[Dataset items]
--------

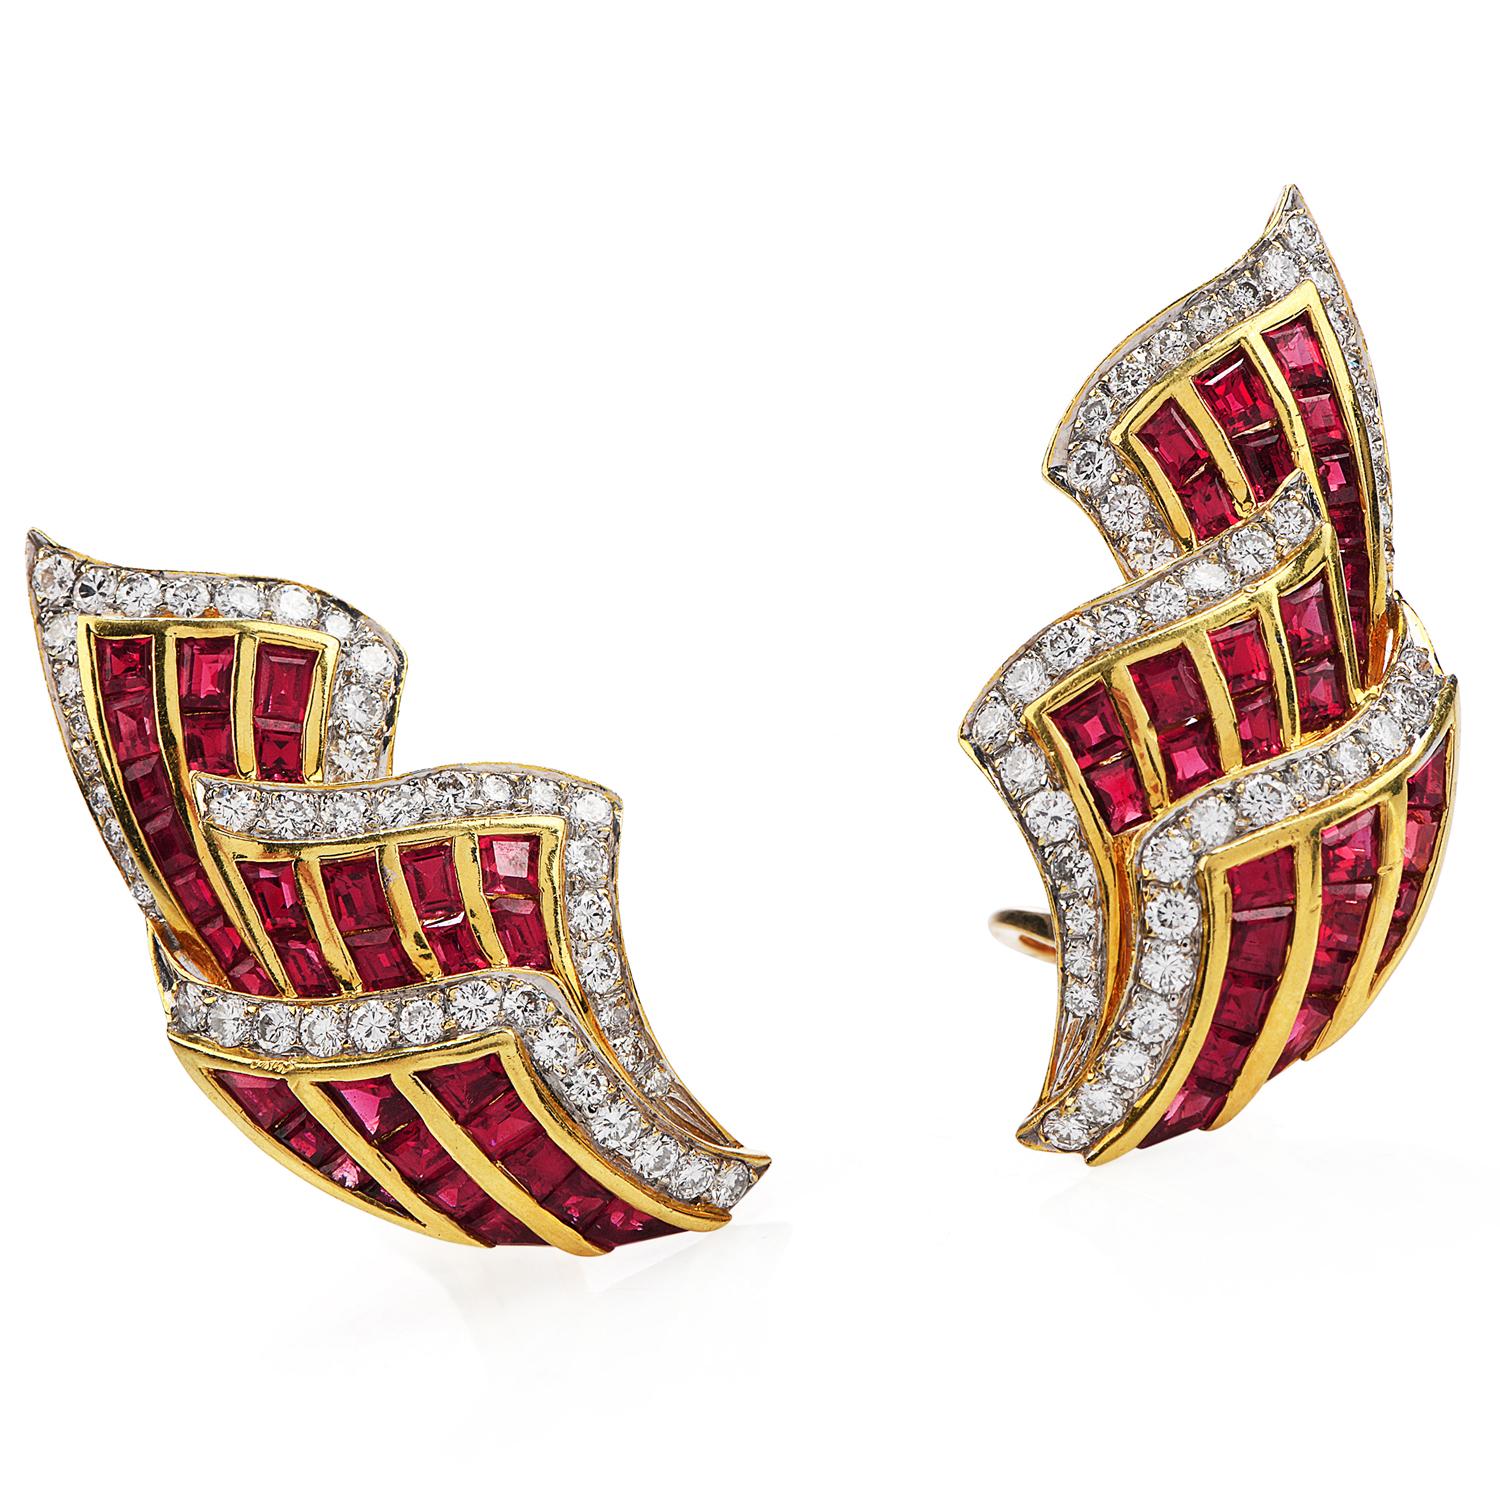 These stunning late 20th century Earrings are crafted in Solid 18K Yellow Gold,

weigh 19.6 grams and measure 38 mm long by 18 millimeters wide. 

They are perfectly detailed and inspired in overlapped ribbon design!

Surrounding each piece there
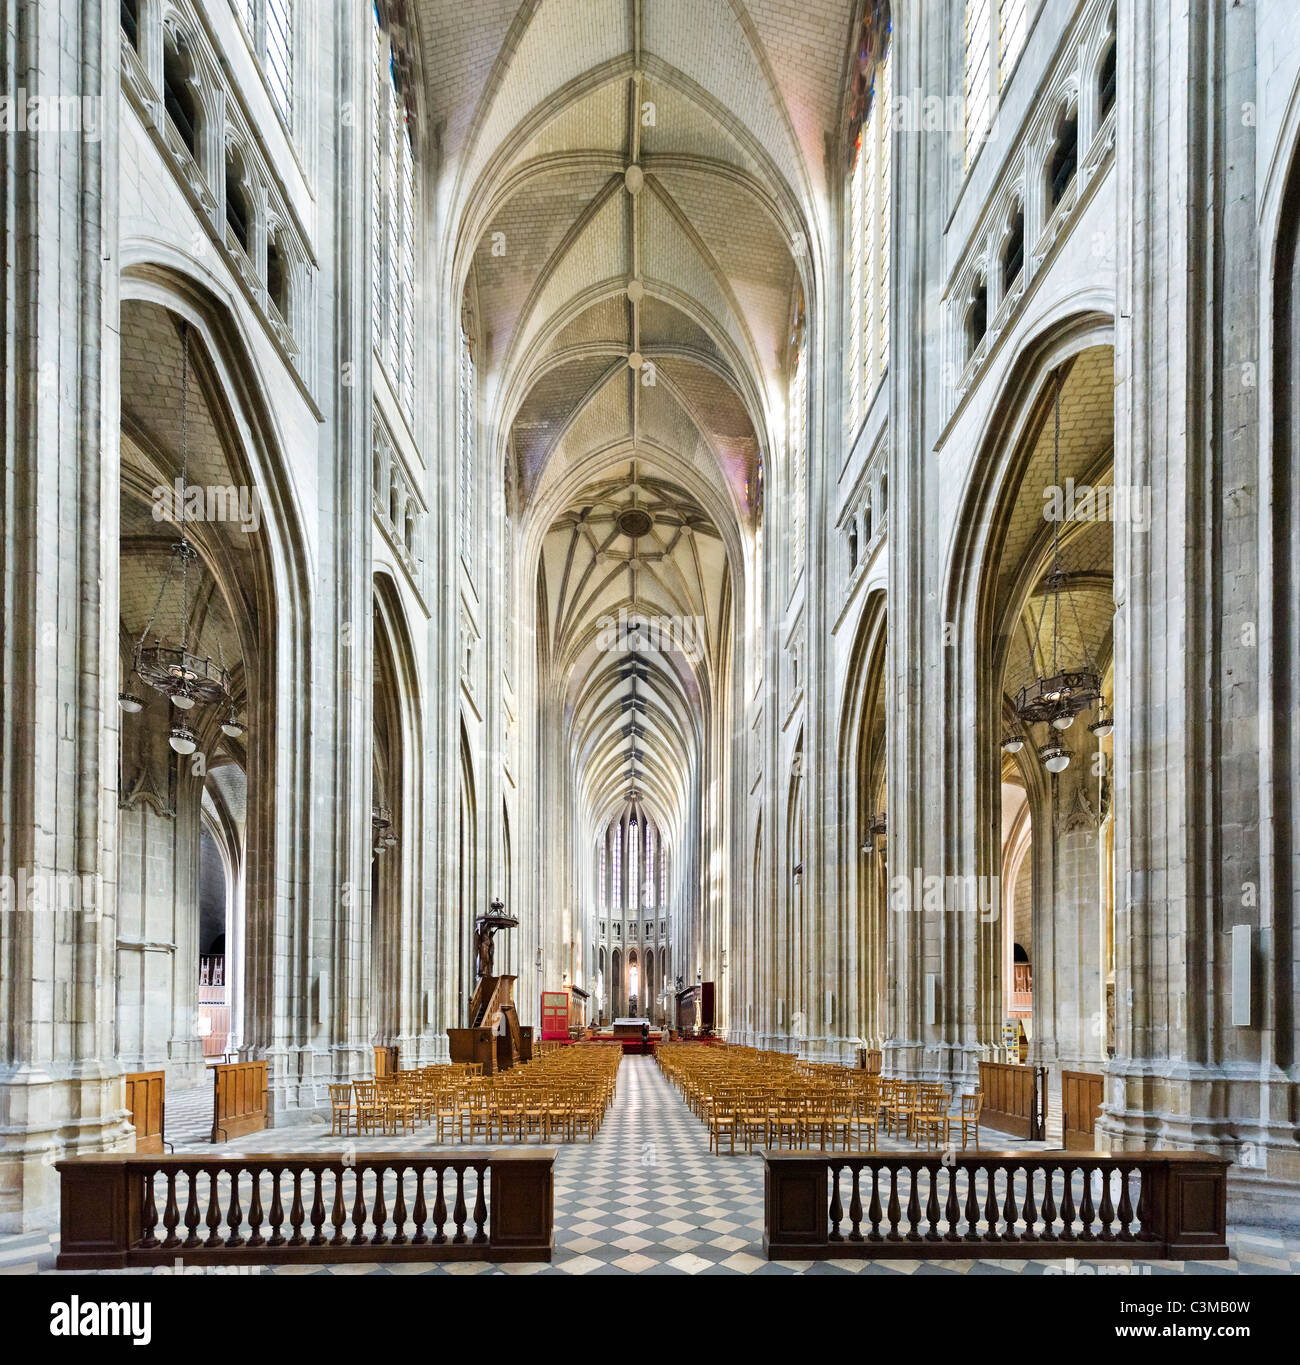 The interior of Orleans Cathedral (Cathedrale Sainte Croix d'Orleans), Orleans, France Stock Photo

--------

WORK ITEM —
Please repeat every record exactly, leaving the pictures out.

EXERCISE ANSWER —
 These stunning late 20th century Earrings are crafted in Solid 18K Yellow Gold,

weigh 19.6 grams and measure 38 mm long by 18 millimeters wide. 

They are perfectly detailed and inspired in overlapped ribbon design!

Surrounding each piece there
 The interior of Orleans Cathedral (Cathedrale Sainte Croix d'Orleans), Orleans, France Stock Photo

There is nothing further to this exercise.